The image Guyana built

Guyana cannot spend years projecting itself as open for business at any cost, then act offended when investors come expecting access, speed, and influence. That image was reinforced by the government’s defensive posture on the oil contract, where the 2% royalty arrangement remains protected behind the familiar shield of contract sanctity, even as ordinary Guyanese are told to accept the deal as settled history. A state that refuses to revisit glaring imbalances in its most consequential contract cannot suddenly pose as a hard-headed gatekeeper when it is convenient.

The message abroad is not hard to decode: some deals are untouchable, some interests are protected, and some players are simply more welcome than others.

Washington is noticing

That is why Congressman Gabe Evans’s recent letter to Secretary of State Marco Rubio matters. Evans warned of “creeping Chinese influence” in Guyana and raised alarms about reports of Chinese firms securing contracts, financing, and political footholds in ways that could threaten U.S. interests in energy, diplomacy, and critical minerals.

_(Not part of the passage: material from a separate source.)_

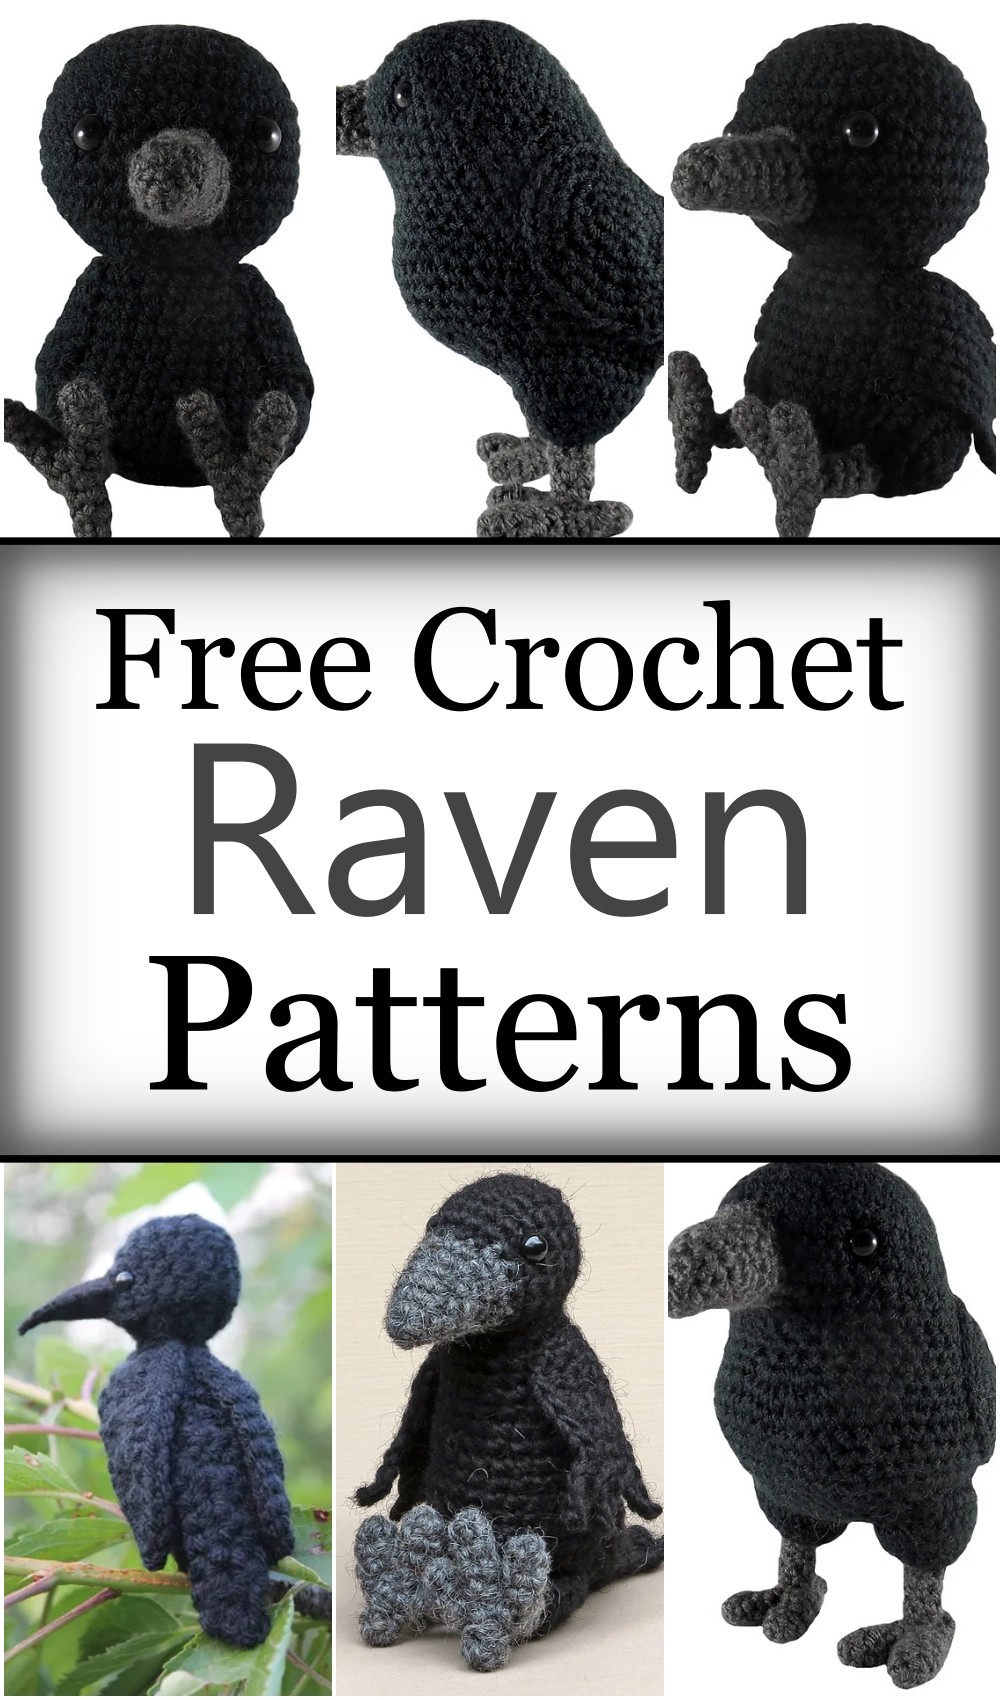 Free Crochet Raven Patterns

In plain terms, Guyana is not only being watched; it is being scrutinized for the very habits its leadership has normalized.

So when Ali stands before an American audience and lectures on investor expectations, the paradox is obvious. He is effectively telling U.S. investors to temper their assumptions while Washington is already asking whether Guyana has become too accommodating to Chinese influence.

Predictability is not favoritism

The U.S. ambassador’s point about predictability cuts straight through the noise. Predictability means rules that are clear, consistent, and applied without regard to who has the best political connections. It does not mean one set of doors for locals, another for foreign firms, and a VIP corridor for the well-connected.

That distinction matters because the complaints from Guyanese businesses are not imaginary. Local truckers have protested what they describe as a system that favors Chinese-linked firms and squeezes out domestic operators, with some alleging that contracts and access flow through family ties, political connections, and selective facilitation. 

When local players are forced to shout just to be treated fairly, the government has already admitted the weakness of its own system.

Contract sanctity, selective courage

The administration’s favorite phrase—sanctity of contract—has become a political refuge. It is invoked to shut down calls for renegotiating oil terms, yet it is rarely accompanied by equal vigor in defending local enterprise from unfair competition or foreign dominance.

That is the real sting in this debate: the government is fiercely principled when protecting corporate arrangements, but noticeably flexible when the national interest requires courage.That is not consistency. It is choreography.

The red carpet problem

The accusation now hanging over the administration is not simply that it welcomes investment. It is that it has rolled out the red carpet for certain foreign actors, especially Chinese businesses, and then turned around to demand restraint from everyone else.You cannot preach prudence to investors while refusing to exercise it on behalf of your own citizens.

This is not a neutral posture. It is a choice—one that signals to global capital that Guyana is willing to prioritize investor comfort over national leverage. When disputes arise, the government has too often appeared aligned with oil majors rather than the Guyanese people, particularly on issues of environmental liability, cost recovery audits, and regulatory enforcement. The result is a credibility gap wide enough to swallow the President’s Houston remarks whole.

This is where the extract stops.